Being from BBH, I could empathise with work that isn't technically cutting-edge or work that feels a bit dated in the fast-moving digital world (just check out something like Diesel's "Heidis" campaign for a comparison), but that should all dissolve in the face of strong writing. Alas, this is where the site disappoints the most.

The exquisite skills BBH displays in its TV work seem to have been lost when it uploaded the site. Any man who looks up to these characters as pulling machines still lives with their mum and fucks apple pies (which, granted, might be a big audience).

Why BBH deserted its art of writing when this great strategy went online I don't know, but for my sake, long may it continue.


James Besley, 23, student

There are a number of digital applications on offer, encouraging budding lotharios to turn their phone into a pulling machine and make their screen look hot. There is also information on the fairer sex, although this is limited to the revelation that they only discuss boy bands, fashionable mobile phones and Kylie.

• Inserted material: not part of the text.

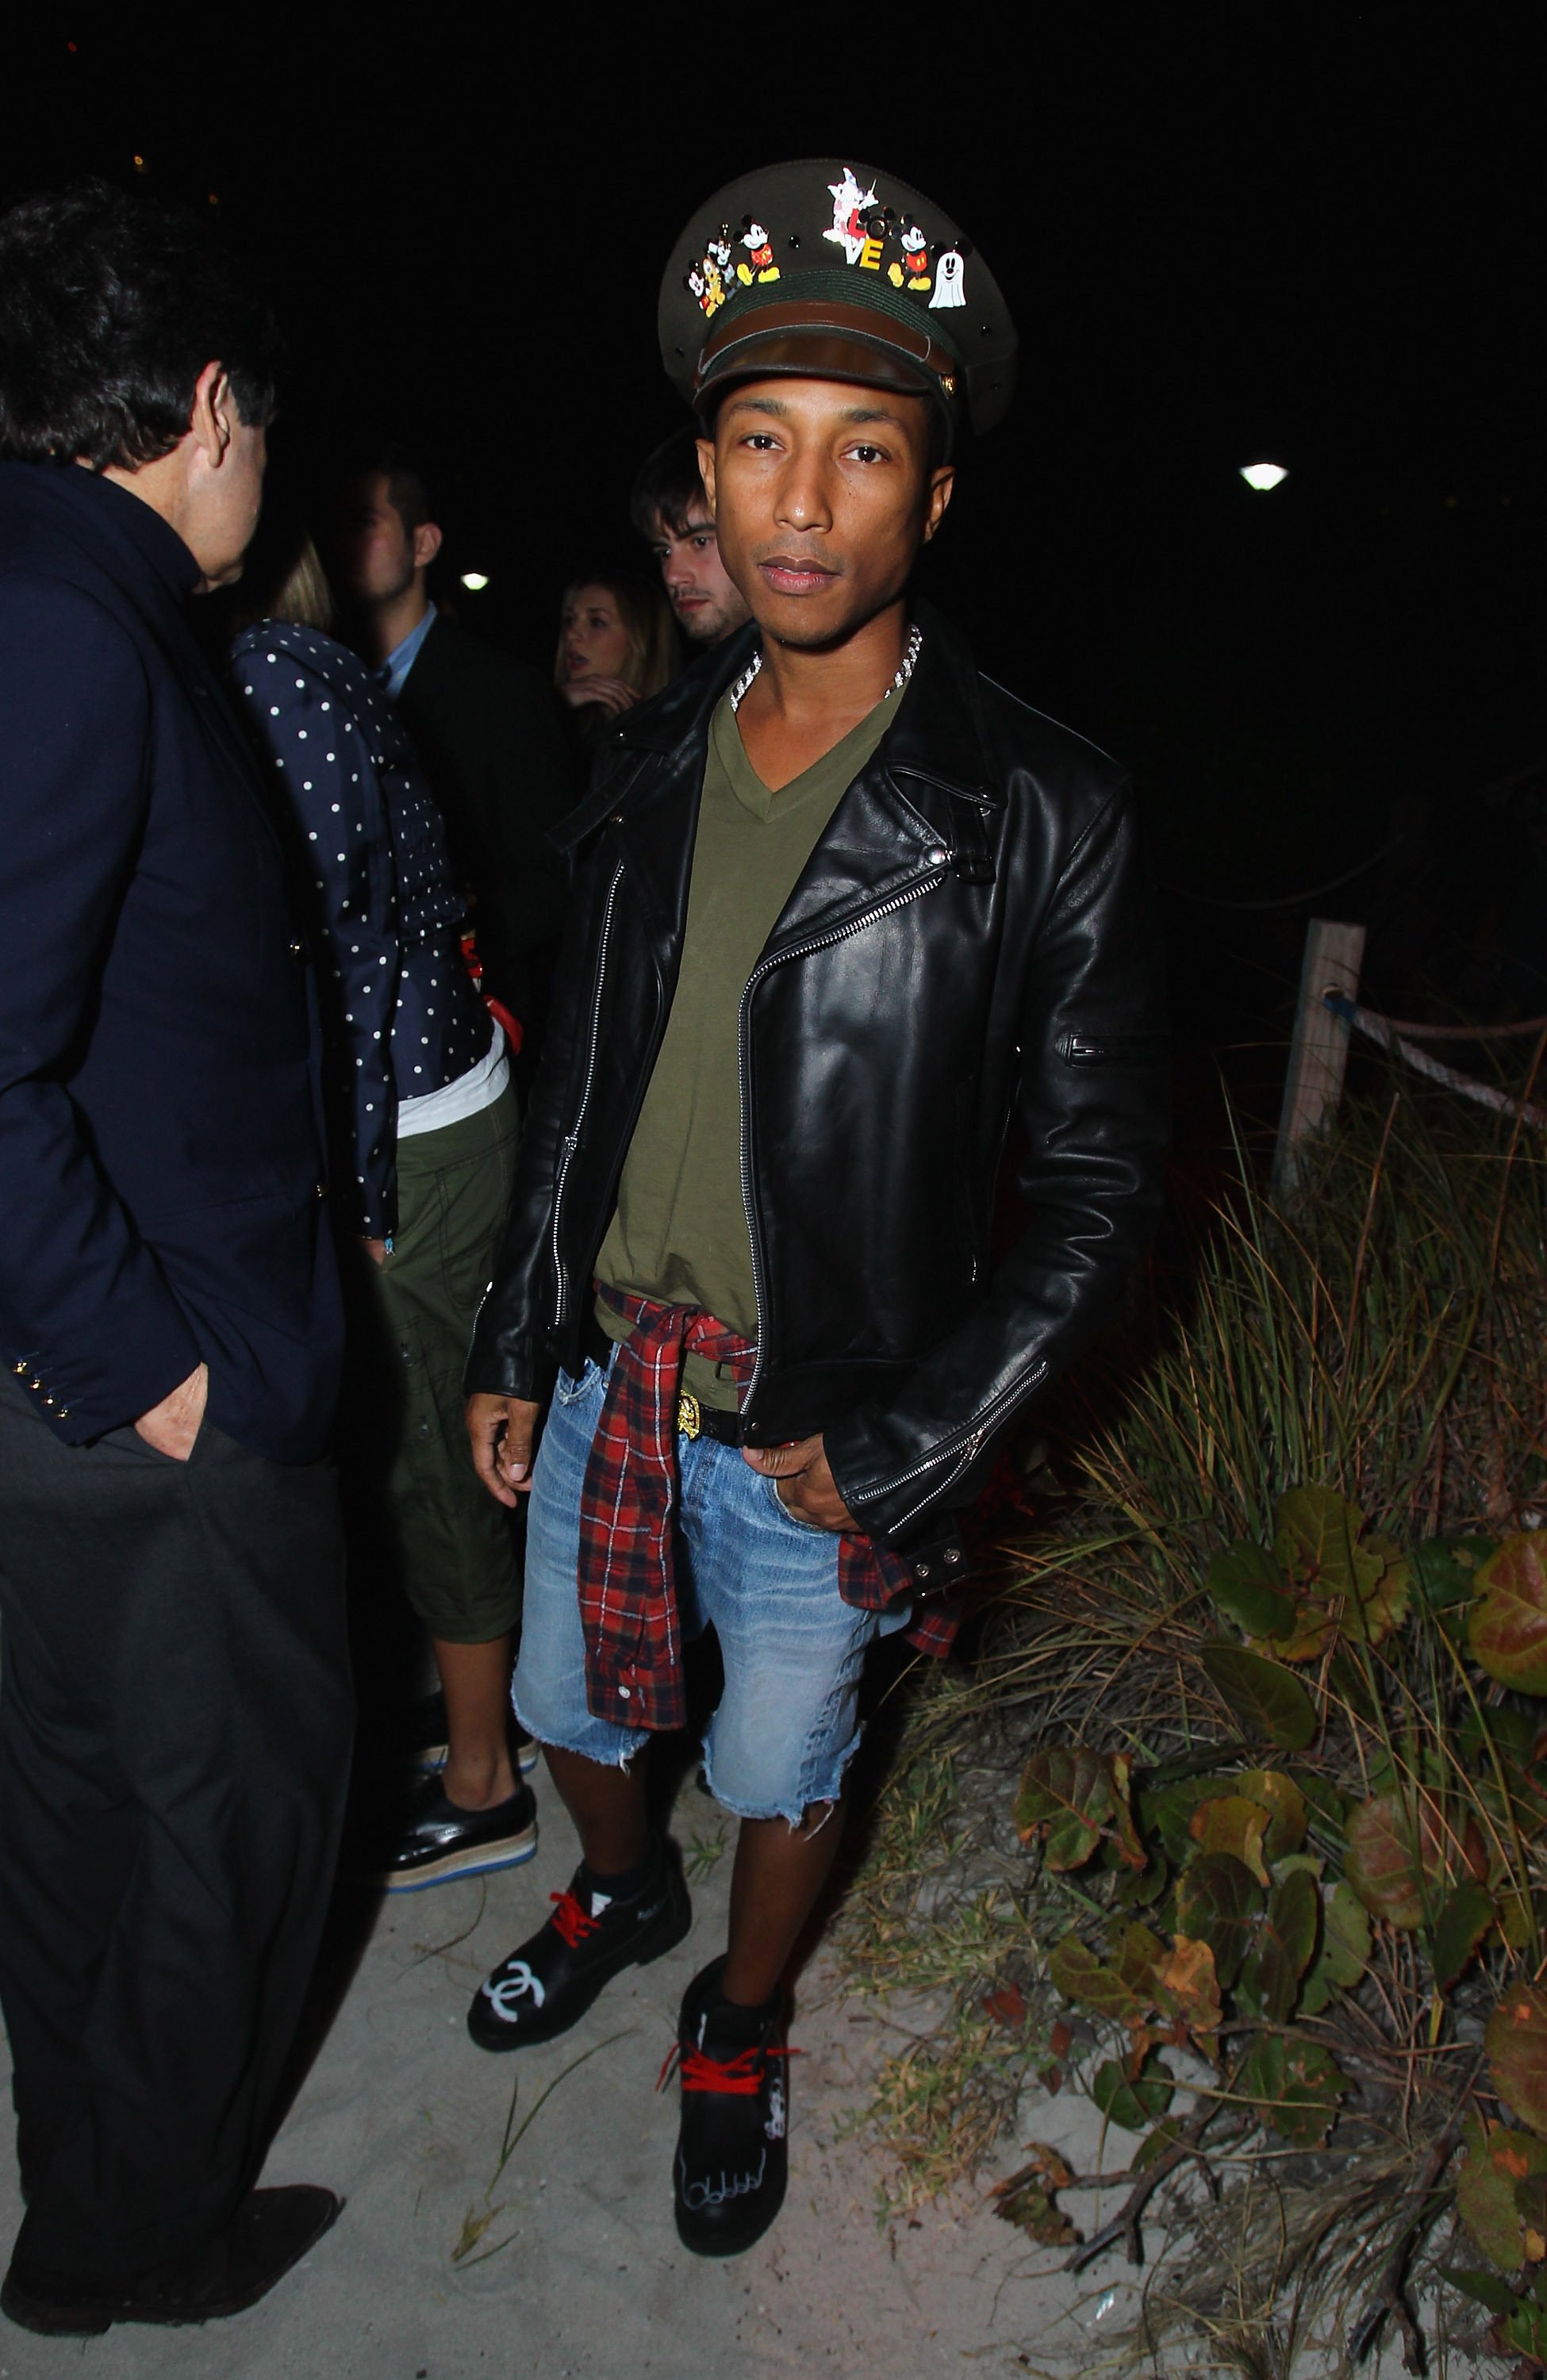 9 of Pharrell Williams' boldest fashion moments: Louis Vuitton's new  menswear creative director wore Nike boots at Cannes, a reflective Adidas  suit at the Grammys, and a purple Hermès Birkin in NYC
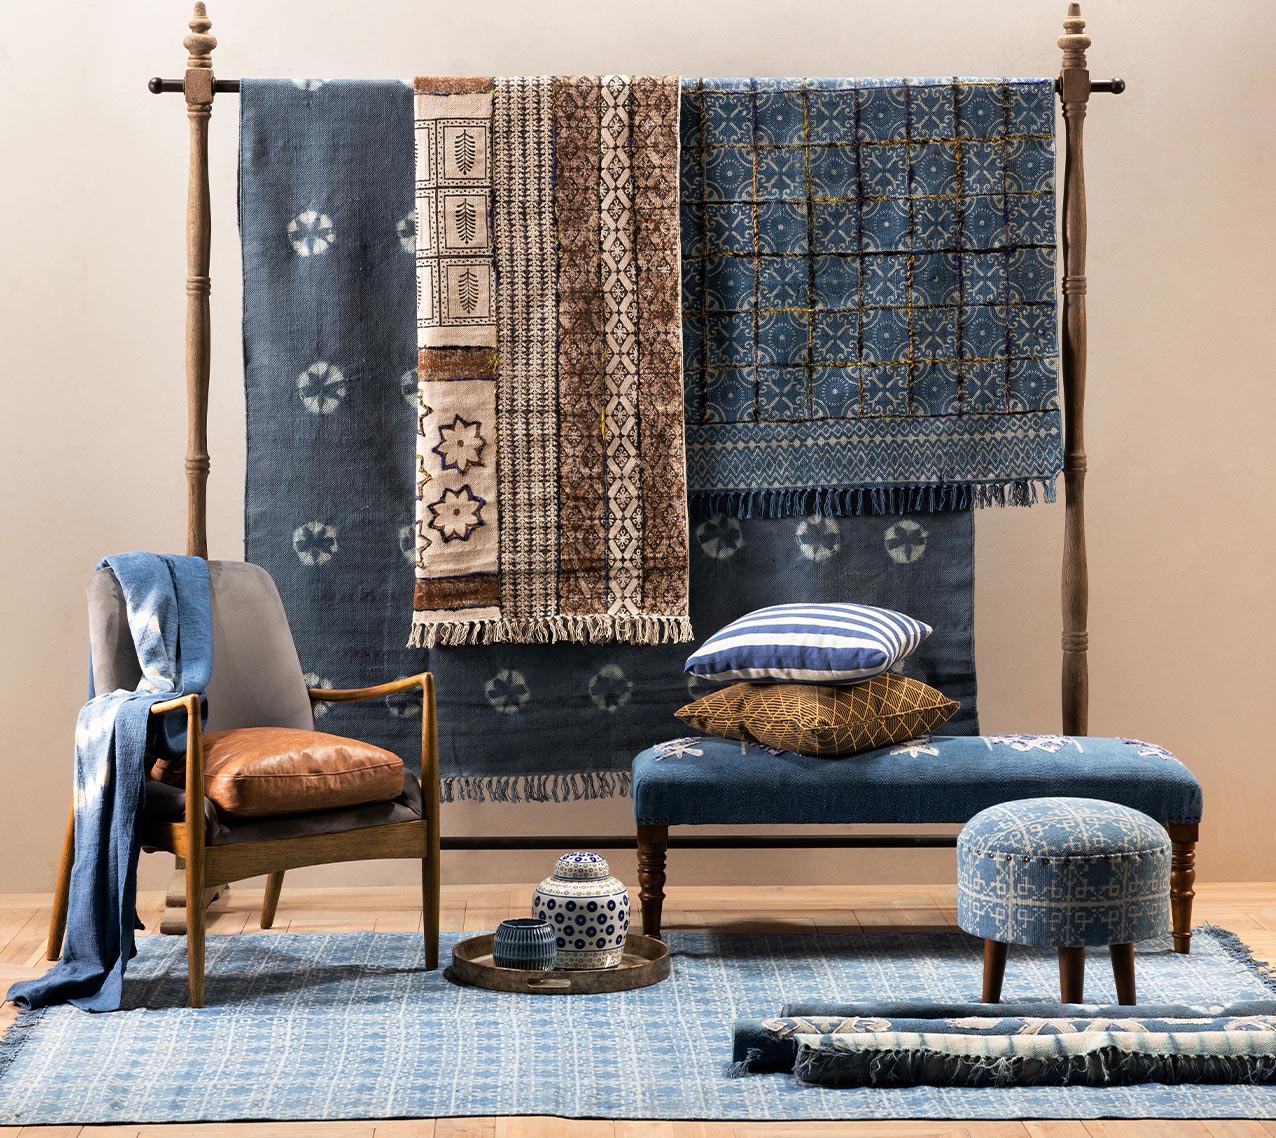 Natural Selection - Indus Collection of rugs, benches, stools and throws

It's obviously early days, and the amount of content stored on the site is minimal, but the site is easy to navigate. Although it's not immediately obvious what differentiates the content in each section, every time you hover over a link, a scantily clad "bird" appears, detracting nicely from this.

While it doesn't take much time to max-out your enjoyment of the site, Lynx ads have always made me laugh and, at the very worst, the site will become an archive for them.

If you subscribe to the Lynx mantra of "it doesn't matter where, just get in there", then this site will provide you with 15 minutes of mindless fun. However, if you believe the first tip for pulling is not smelling like a schoolboy's gym bag, then I would probably steer clear.